[Dataset records]
—————

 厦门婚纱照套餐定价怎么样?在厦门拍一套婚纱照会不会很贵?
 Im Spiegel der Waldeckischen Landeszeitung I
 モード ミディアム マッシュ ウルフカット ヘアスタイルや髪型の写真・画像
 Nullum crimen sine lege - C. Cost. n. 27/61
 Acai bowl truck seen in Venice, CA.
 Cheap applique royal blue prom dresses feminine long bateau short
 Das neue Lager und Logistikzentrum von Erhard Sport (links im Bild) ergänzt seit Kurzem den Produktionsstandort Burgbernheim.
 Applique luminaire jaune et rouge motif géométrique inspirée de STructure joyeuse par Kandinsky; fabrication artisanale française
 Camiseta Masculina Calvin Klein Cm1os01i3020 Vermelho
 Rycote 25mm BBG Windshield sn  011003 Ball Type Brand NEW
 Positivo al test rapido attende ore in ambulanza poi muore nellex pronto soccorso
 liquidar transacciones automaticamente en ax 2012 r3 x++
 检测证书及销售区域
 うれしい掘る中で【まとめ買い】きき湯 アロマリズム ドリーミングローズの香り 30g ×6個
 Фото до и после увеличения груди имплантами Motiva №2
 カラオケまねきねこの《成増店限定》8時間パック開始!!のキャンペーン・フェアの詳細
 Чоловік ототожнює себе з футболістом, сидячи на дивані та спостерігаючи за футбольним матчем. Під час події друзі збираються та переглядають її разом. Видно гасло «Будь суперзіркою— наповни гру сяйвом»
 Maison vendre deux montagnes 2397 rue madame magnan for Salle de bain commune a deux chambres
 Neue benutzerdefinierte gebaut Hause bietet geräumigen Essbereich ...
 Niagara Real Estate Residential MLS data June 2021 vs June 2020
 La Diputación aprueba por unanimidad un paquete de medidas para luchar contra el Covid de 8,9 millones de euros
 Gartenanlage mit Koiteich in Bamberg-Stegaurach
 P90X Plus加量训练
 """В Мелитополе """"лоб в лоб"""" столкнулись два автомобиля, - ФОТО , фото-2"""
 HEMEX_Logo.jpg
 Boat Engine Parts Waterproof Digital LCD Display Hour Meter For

—————

- **WHAT THE TASK REQUIRES**: Repeat the lines above, from the one containing "うれしい掘る中で【まとめ買い】きき湯 アロマリズム ドリーミングローズの香り" to the final line, word for word and with nothing else.

- **SOLUTION FOR THIS PROBLEM**:
 うれしい掘る中で【まとめ買い】きき湯 アロマリズム ドリーミングローズの香り 30g ×6個
 Фото до и после увеличения груди имплантами Motiva №2
 カラオケまねきねこの《成増店限定》8時間パック開始!!のキャンペーン・フェアの詳細
 Чоловік ототожнює себе з футболістом, сидячи на дивані та спостерігаючи за футбольним матчем. Під час події друзі збираються та переглядають її разом. Видно гасло «Будь суперзіркою— наповни гру сяйвом»
 Maison vendre deux montagnes 2397 rue madame magnan for Salle de bain commune a deux chambres
 Neue benutzerdefinierte gebaut Hause bietet geräumigen Essbereich ...
 Niagara Real Estate Residential MLS data June 2021 vs June 2020
 La Diputación aprueba por unanimidad un paquete de medidas para luchar contra el Covid de 8,9 millones de euros
 Gartenanlage mit Koiteich in Bamberg-Stegaurach
 P90X Plus加量训练
 """В Мелитополе """"лоб в лоб"""" столкнулись два автомобиля, - ФОТО , фото-2"""
 HEMEX_Logo.jpg
 Boat Engine Parts Waterproof Digital LCD Display Hour Meter For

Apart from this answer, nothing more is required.